Right. However it would require someone to intentionally do tracing of
all those events, all for the purpose of obtaining a type of runtime
error. As an embedded systems developer, who had to look for signs of
unusual bugs on a large number of customers' systems, and had to
distinguish them from reports of hardware malfunctions, I would prefer
something clearly identifiable in the logs (of kernel, application, or
anything else) when no one is specifically investigating any problem.

When anything suspicious happens, often the system is physically
unreachable, and the problem may or may not happen again, so the first
report from a running system may be the only thing available. When
everything is going well, the same systems more often have hardware
failures than report valid software bugs (or, ideally, all reports are
from hardware failures), so it's much better to know that if software
will do something wrong, it would be possible to identify the problem
from the first report, rather than guess.
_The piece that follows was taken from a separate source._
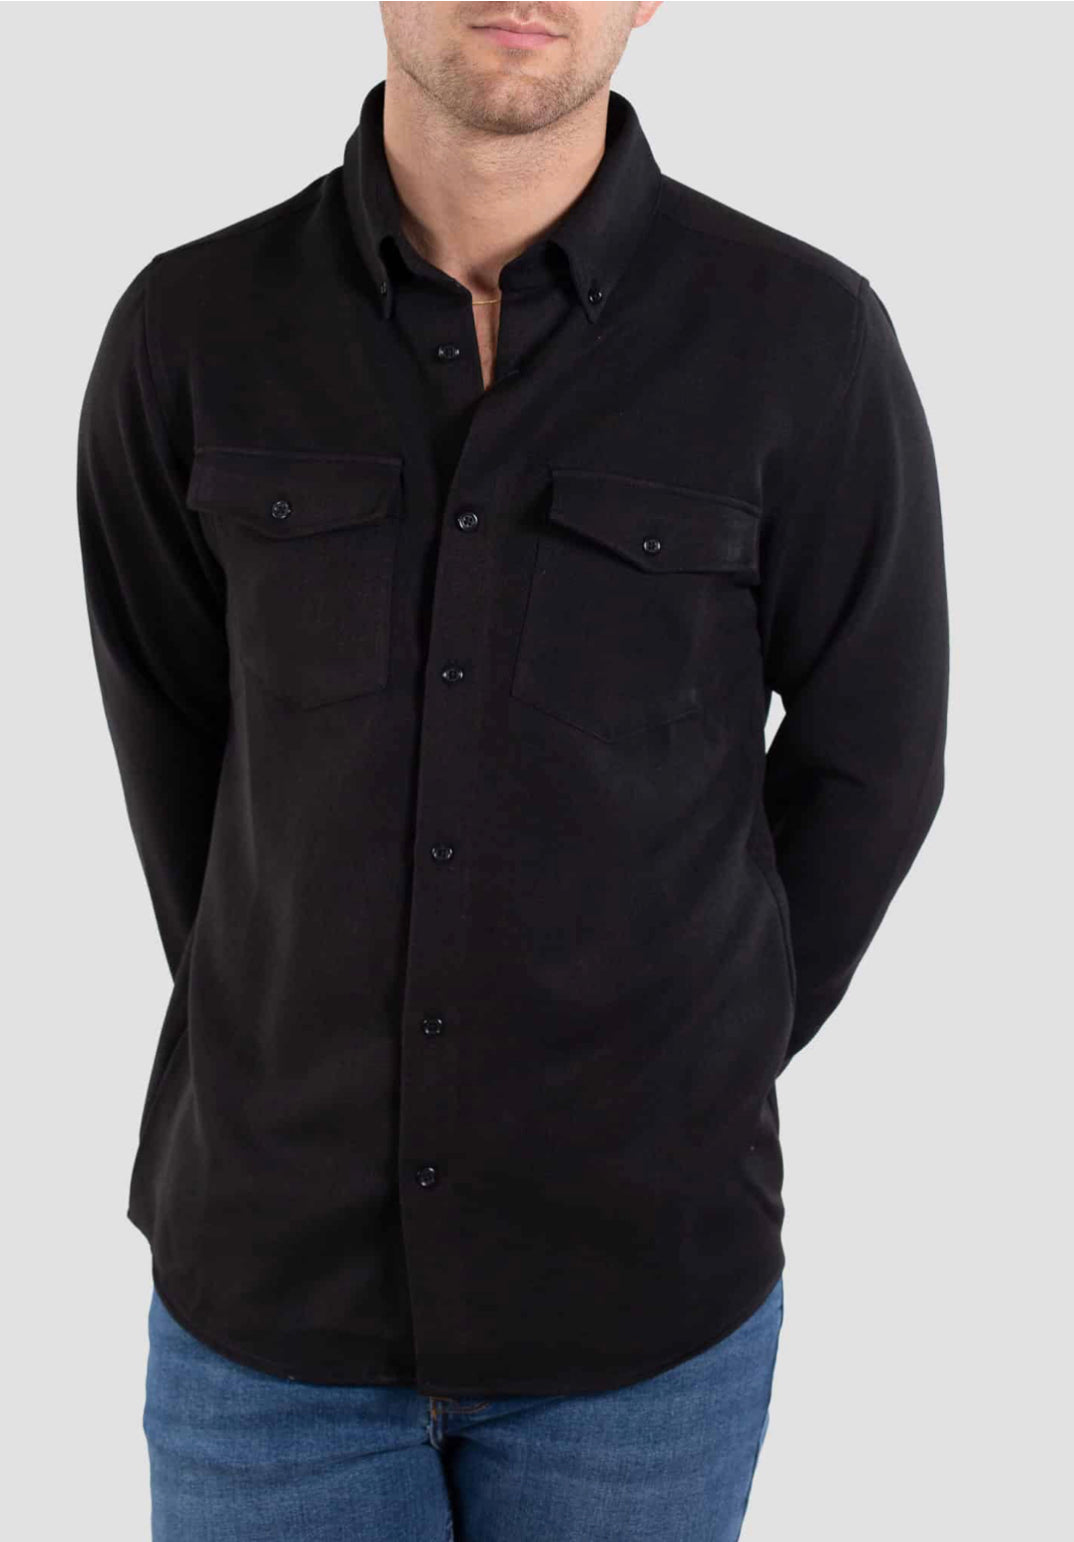 Ciszere Redy perfect shirt – All black

Sometimes equipment gets firmware updates many years after production,
when there are reports of all kinds of failures due to mechanical or
thermal damage, faulty parts, bad repair work, deteriorating flash,
etc. Among those there might be something that indicates new bugs made
by a new generation of developers (occasionally literally),
regressions, etc. In those situations getting useful information from
the error message in the first report can make a difference between
quickly identifying the problem and going on a wild goose chase.

-- 
Alex